Urmston Bookshop -Dream Come True

urmston bookshop

 

Urmston Bookshop is a lovely independent bookshop situated in a suburb of Manchester. The shop sells books, gifts, cards, toys and has a small café in the back of the shop. It has been at the heart of the community for six years and is well-loved by the locals.

Six years ago Peter and Frances Hopkins started the bookshop from absolutely nothing. working with publishers, authors and schools they brought the local community onside to turn the bookshop into something special.

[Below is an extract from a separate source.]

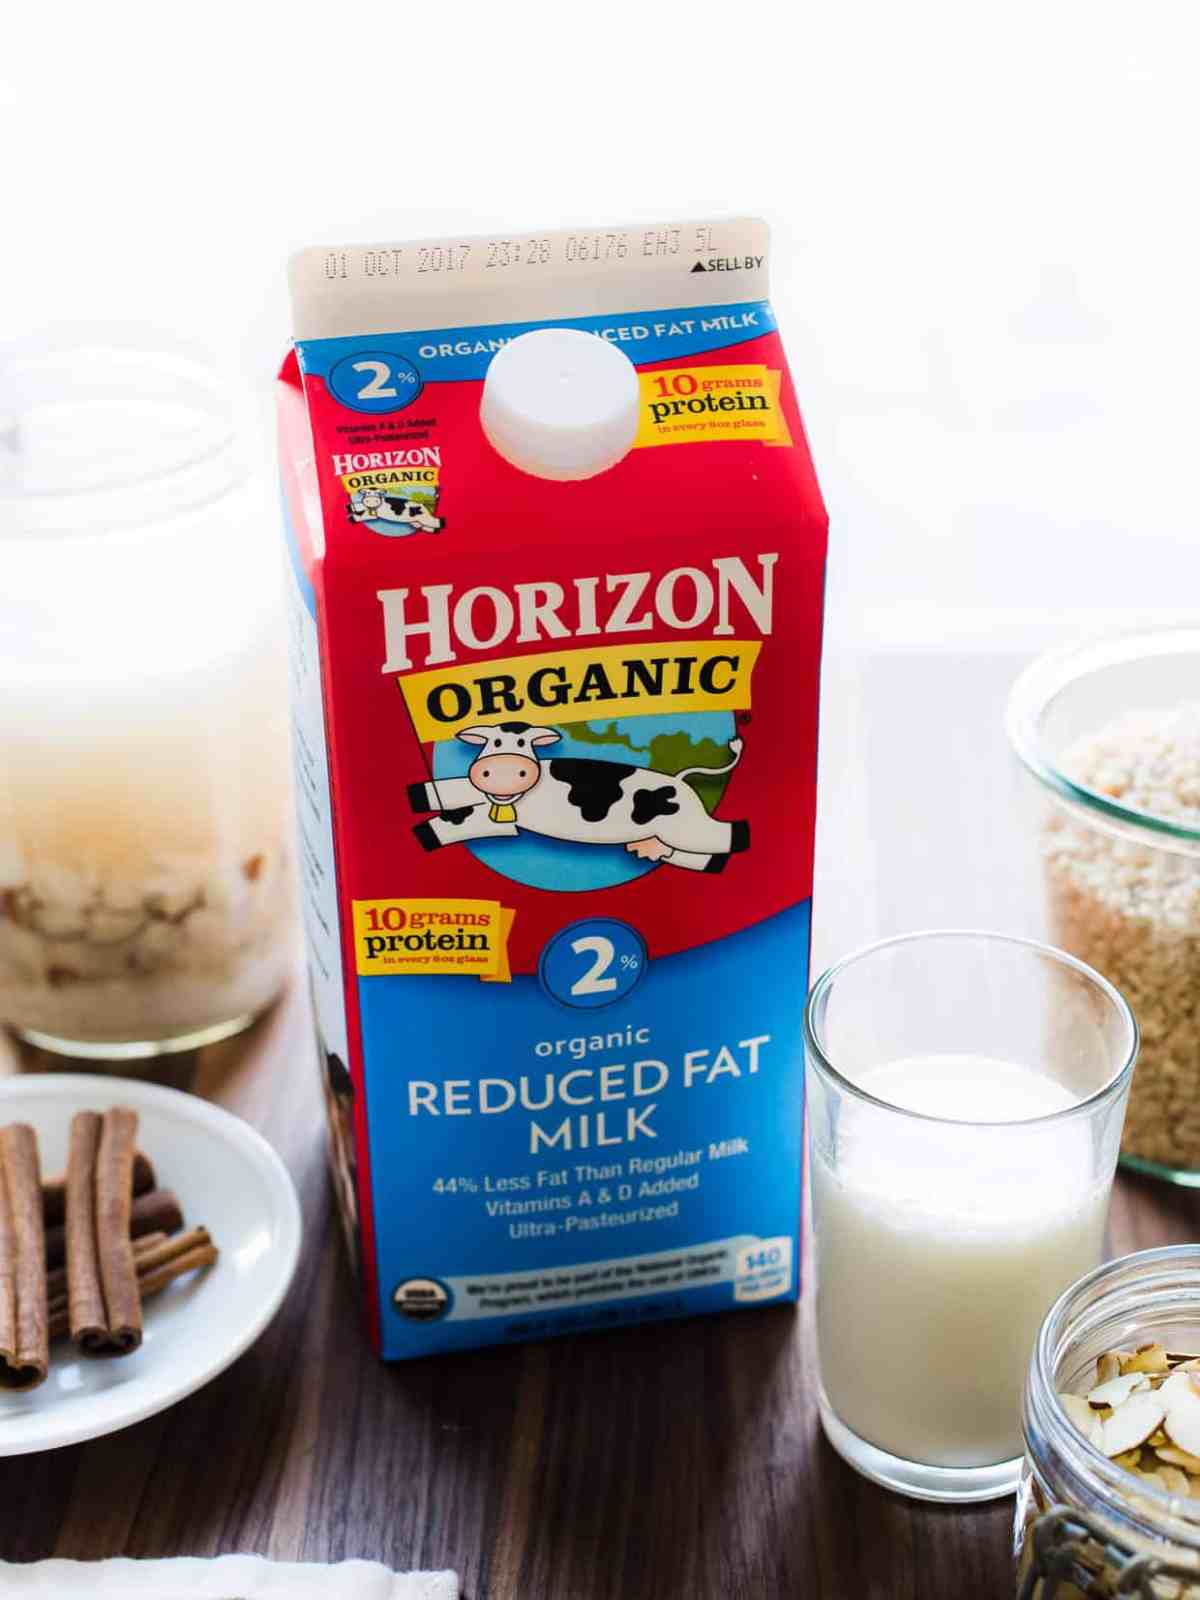 Horizon Organic milk makes homemade horchata extra creamy.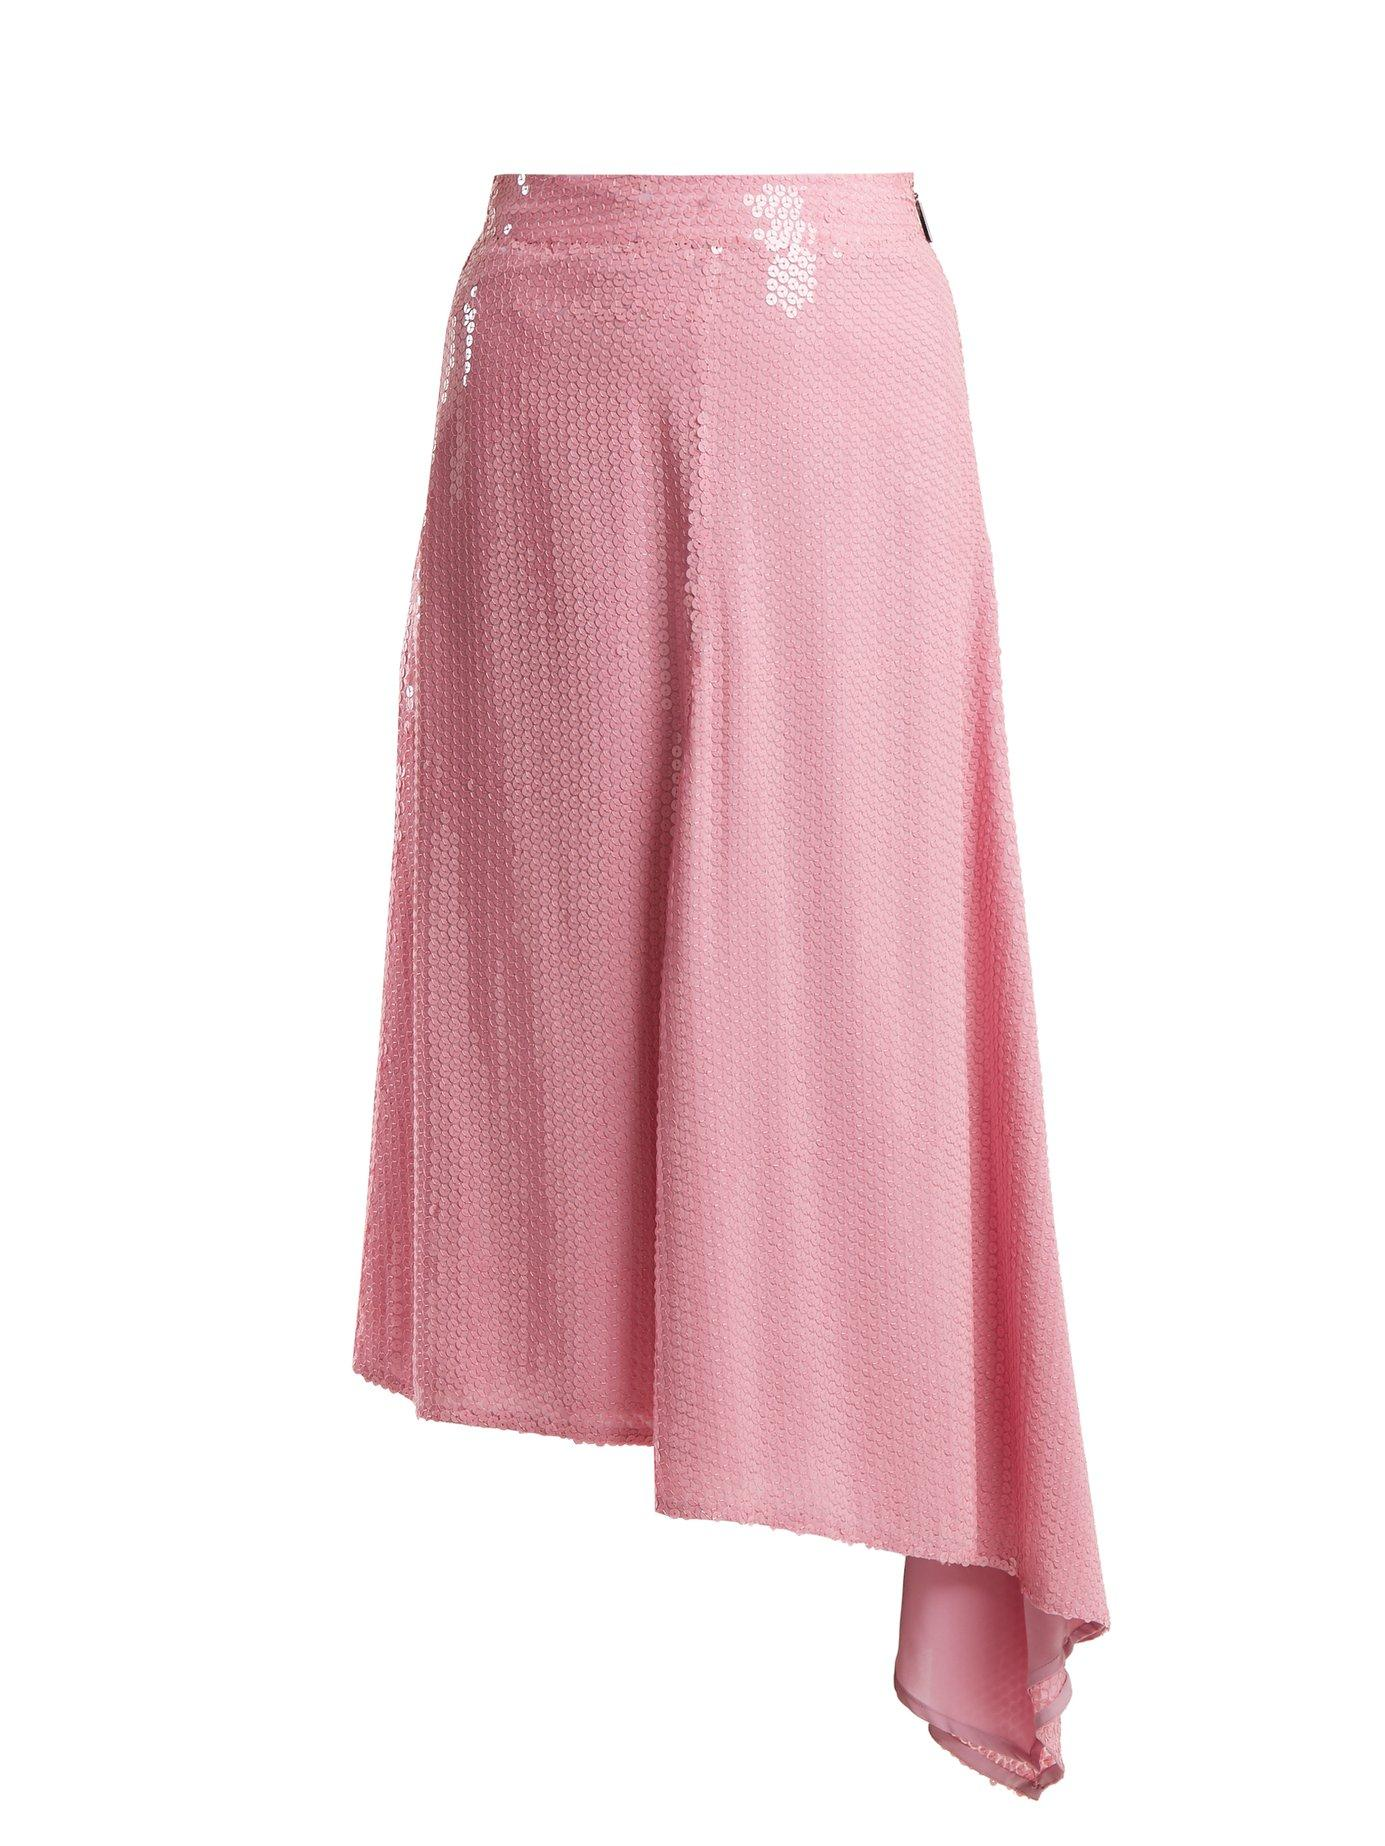 a3c5f3c624 Msgm - Sequin Embellished Asymmetric Midi Skirt - Womens - Pink ...

The shop is a previous winner of Northern Rail’s Hidden Gem award and has seen the likes of Joanna Trollope, Stuart Maconie, Jack Straw, Jessie Burton, Sharon Bolton, astronaut, Chris Hadfield, amongst many others, pass through its doors.

Shop-View-From-Cafe2

Today, a lifelong dream comes true. I have always wanted to have my own bookshop and after the past few months of planning, work behind the scenes and so so much help from Peter and Frances. Urmston Bookshop comes into my hands. I am so excited at my new adventure and look forward to continuing what Peter and Frances have done so well.

If any of you ever find yourselves in Manchester, I would hope that you would call in to see us, say hello, have a coffee and have a browse. We would be delighted to see you.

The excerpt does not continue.